Si, la violencia sigue devorando al colombiano del pueblo y del campo, unos por la que sufrimos hoy, y otros, por la que sufrieron ayer antes o después de nacer, es como si el colombiano naciera con la levadura del mal.
Esa guerra que cazaron los políticos de los cuarenta del siglo pasado, inició su vergonzosa bestialidad en el 46 cuando los mismos liberales radicales derrotaron en las urnas a Jorge Eliecer Gaitán, y posteriormente con su magnicidio, los mismos liberales tomaron sus machetes y armas y se vinieron lanza en ristre contra los conservadores acusados de patrocinar la muerte del líder social ese 9 de abril conocido como el bogotazo, dividiendo los campos de Colombia entre los godos y los cachiporros.
Los segundos, nacidos en la vereda Cristales del municipio de Jesús María, Santander, Colombia, treparon las lomas desplazando a los godos que habitaban las bajas veredas del vecino municipio de Sucre; quienes se aferraron a la pobreza de sus ranchos fueron descabezados con machete, y muchos de los que huyeron por los improvisados caminos de colonización, cayeron acribillados por las balas que vomitaban a mansalva los matorrales de las lomas contra los inocentes vallados por los que huían despavoridos familias enteras con sus críos tratando de alcanzar las cimas de los montes fríos o las selvas sudorosas de las tierras calientes por colonizar a la espalda de la cordillera de los cobardes que nos divide a los santandereanos de las breñas y a los santandereanos de las fértiles tierras del Magdalena medio.

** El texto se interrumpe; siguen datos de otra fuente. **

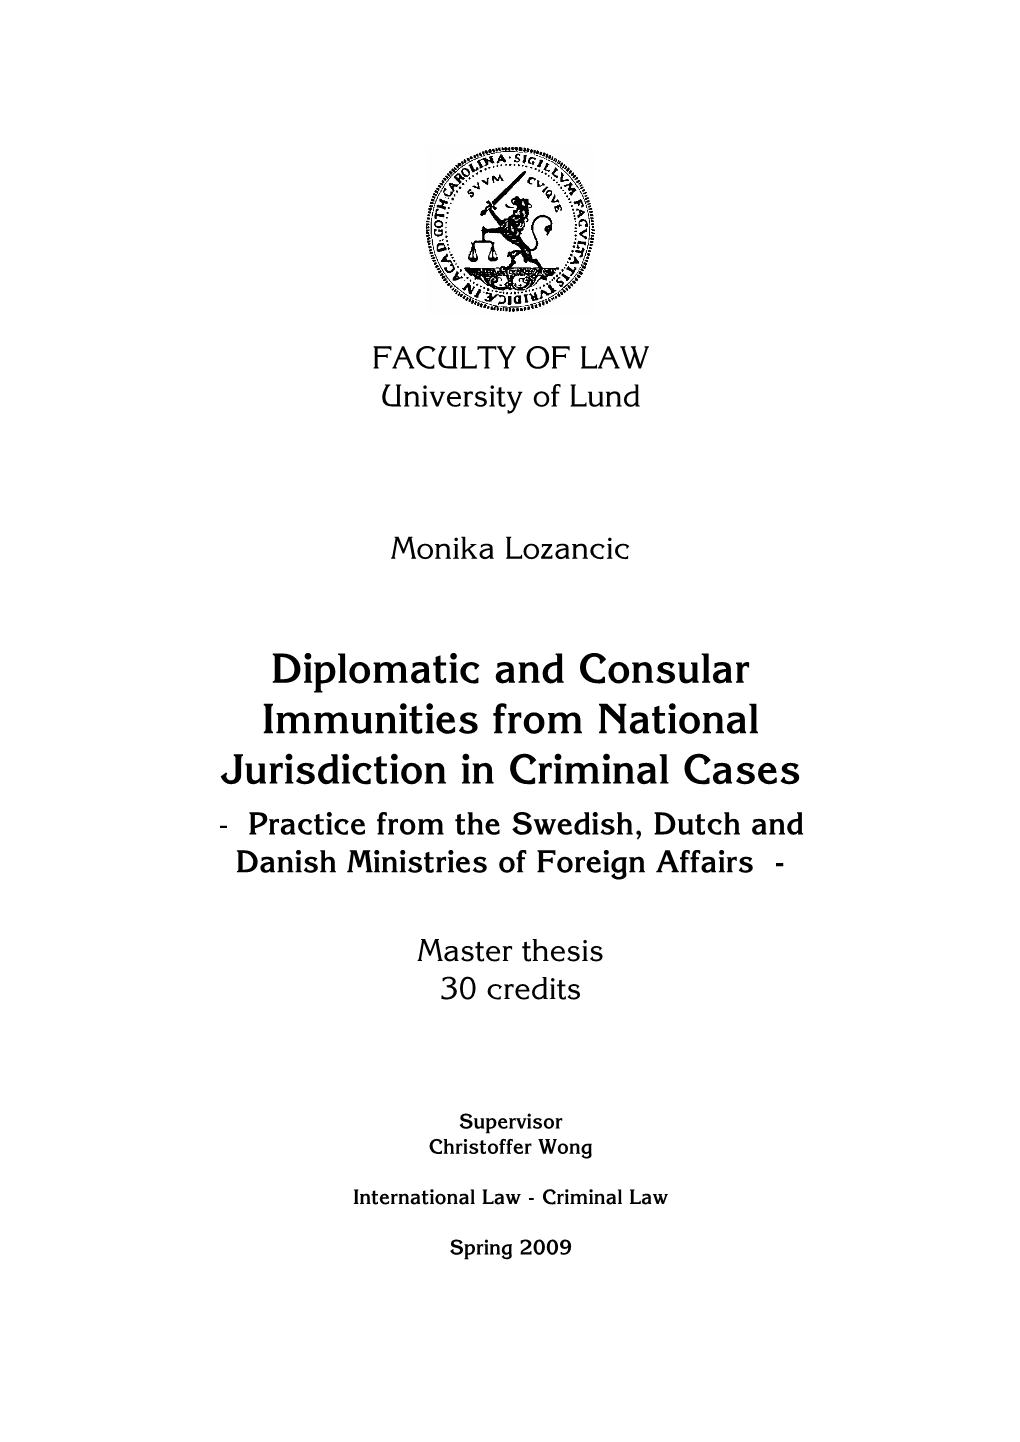 Diplomatic and Consular Immunities from National Jurisdiction in Criminal Cases - Practice from the Swedish, Dutch and Danish Ministries of Foreign Affairs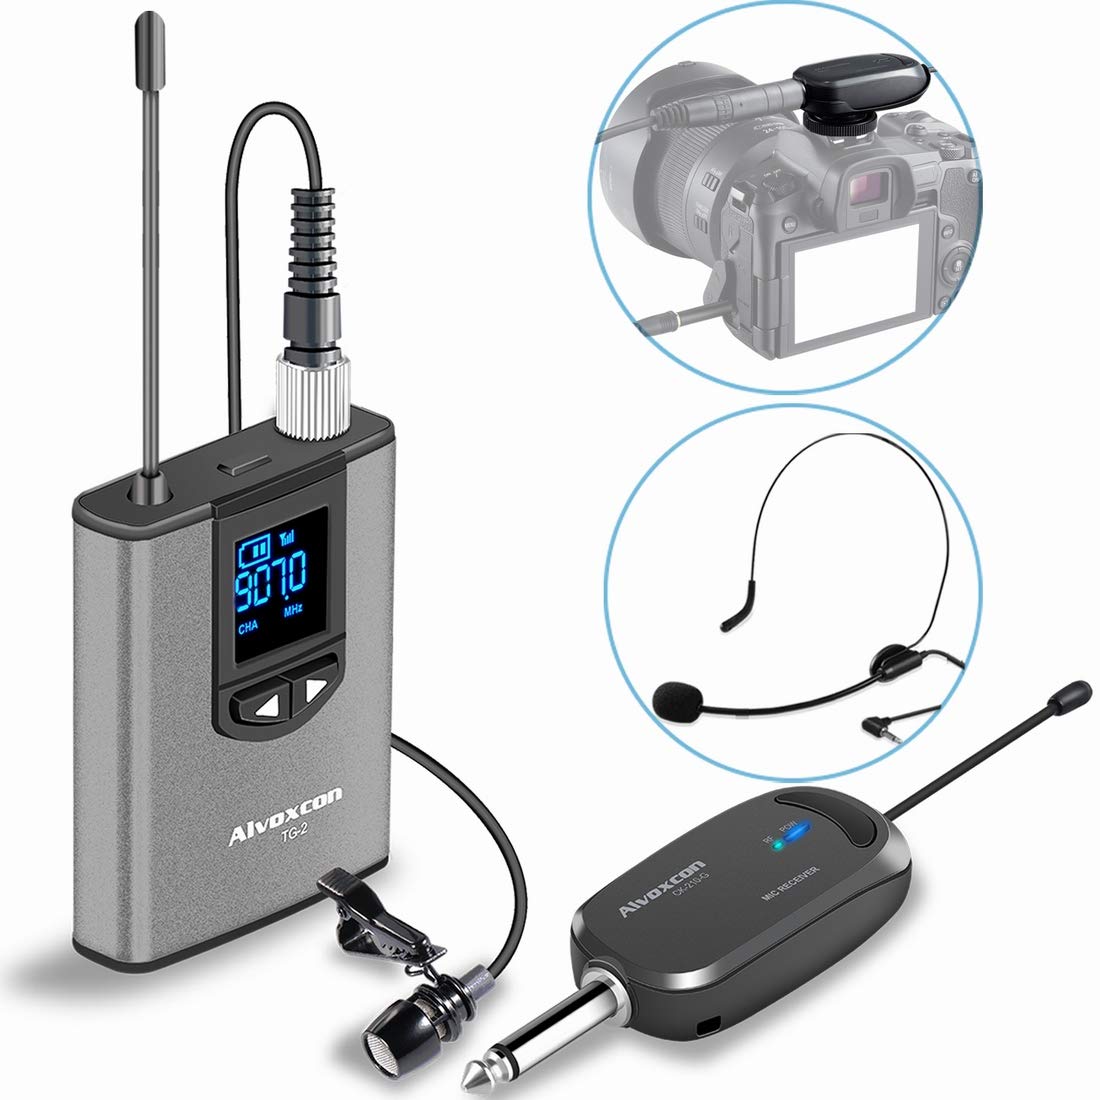 Wireless Headset Lavalier Microphone System for iPhone, DSLR Camera, Youtube

María vio morir a su padre degollado y exhibida su cabeza en un chuzo de palo en el camino que desde la vereda terminaba en el casco urbano de Jesús María trepando senda arriba tratando de alcanzar las nubes testigas silenciosas de la violencia entre hermanos originada en la década ultima del moribundo siglo XIX que pasó a la historia por tener Santander el único presidente desde la independencia.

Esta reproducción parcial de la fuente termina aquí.